Таких записей известно несколько. Первая из них относится к 1852 г., вторая, очень похожая на первую, сделана 13 июля 1854 г., следующая, самая знаменитая, внесена в дневник 4 марта 1855 г. Наконец в 1860 г. Толстой после смерти брата помещает в дневник еще одну важную мысль об идее создать материалистическое евангелие.
1852 «Верую во единого, непостижимого, доброго Бога, в бессмертие души и в вечное возмездие за дела наши; не понимаю тайны троицы и рождения сына Божия, но уважаю и не отвергаю веру отцов моих».
(46, 149). Орфография и курсив подлинника.
1854 «Верую во единого всемогущего и доброго Бога, в бессмертие души и в вечное возмездие по делам нашим; желаю веровать в религию отцов моих и уважаю ее».
(47, 12).
1855 «Нынче я причащался. Вчера разговор о божественном и вере навел меня на великую громадную мысль, осуществлению которой я чувствую себя способным посвятить жизнь. – Мысль эта – основание новой религии, соответствующей развитию человечества, религии Христа, но очищенной от веры и таинственности, религии практической не обещающей будущее блаженство, но дающей блаженство на земле. Привести эту мысль в исполнение я понимаю, что могут только поколения, сознательно работающие к этой цели. Одно поколение будет завещать мысль эту следующему и когда-нибудь фанатизм или разум приведут ее в исполнение. Действовать сознательно к соединению людей с религией, вот основание мысли, которая, надеюсь, увлечет меня».
(47, 37–38).
1855 «Боже! благодарю тебя за Твое постоянное покровительство мне. Как верно ведешь ты меня к добру. И каким бы я был ничтожным созданием, ежели бы ты оставил меня. Не остави меня, Боже! напутствуй мне и не для удовлетворения моих ничтожных стремлений, а для достижения вечной и великой неведомой, но сознаваемой мной цели бытия».
(47, 42).
1860 «Скоро месяц что Николинька умер. Страшно оторвало меня от жизни это событие. Опять вопрос: зачем? Уже недалеко до отправления туда. Куда? Никуда. – Пытаюсь писать, принуждаю себя, и не идет только оттого, что не могу приписывать работе того значения, какое нужно приписывать для того, чтобы иметь силу и терпенье работать. Во время самых похорон пришла мне мысль написать материалистическое евангелие, жизнь Христа материалиста».
(48, 30).
Конечно, в дальнейшем, когда Л. Толстой отвергнет художественное творчество и целиком будет занят религиозными вопросами, записи в его дневнике, посвященные различным аспектам веры и христианского учения, будут появляться часто. Но упомянутые отрывки имеют совершенно особое значение. Именно в них была намечена программа, от которой писатель в дальнейшем не очень сильно уклонялся.

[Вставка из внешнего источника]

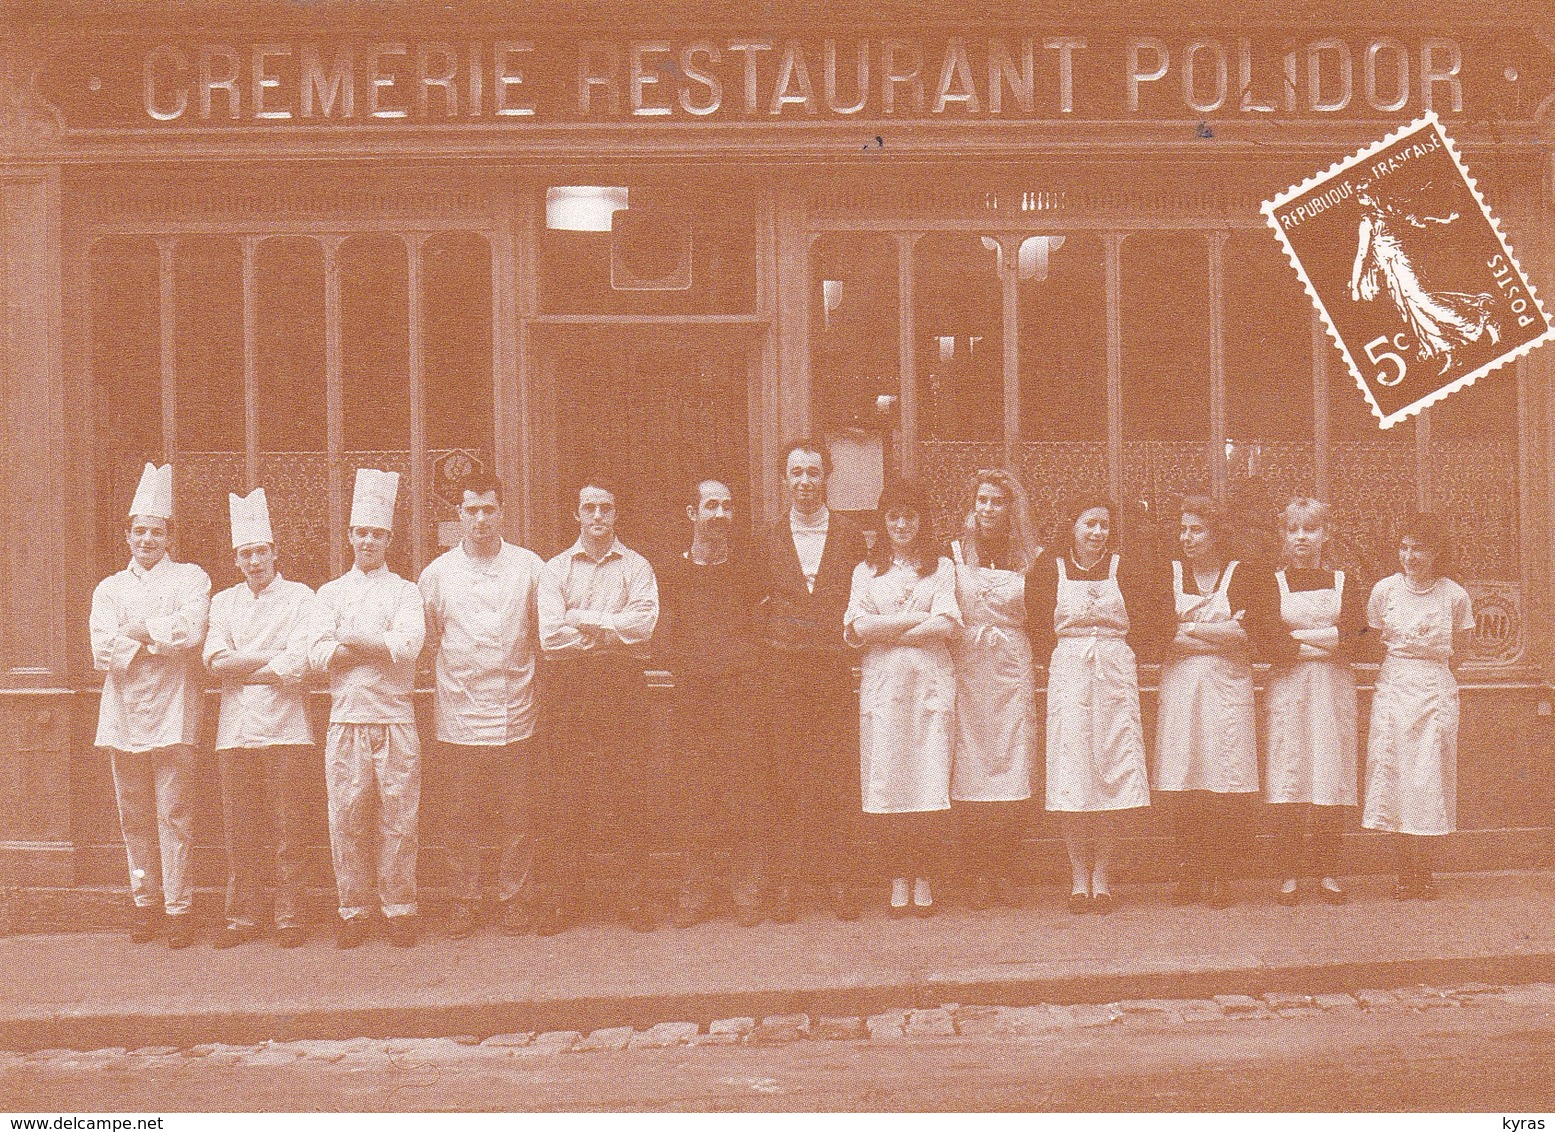 CPM 10x15 .REPRODUCTION  .Crèmerie-Restaurant POLIDOR (41, Rue Monsieur Le Prince PARIS 6°) - Ristoranti

Какие же принципиальные для себя идеи Толстой формулирует в дневниковых «символах»? Первый из них вполне вписывается в просвещенческую программу и содержит минимальный набор требований к разумной вере. Бог добр, требует праведной жизни и воздаст каждому по его делам. Заметим, что все эти формулировки носят сугубо моралистический характер, это деистический манифест, который вполне мог возникнуть и в XVIII веке, и ранее где-нибудь в Англии. Обратим также внимание на постоянное подчеркивание Толстым того факта, что его вера есть также и вера его отцов. Почему для молодого Толстого так важна связь с «отцами»? Думаю, ответ есть только один: это последняя попытка удержаться в русле традиции в ситуации, когда разум обрушивается на нее со всей толстовской интеллектуальной мощью и прямолинейностью.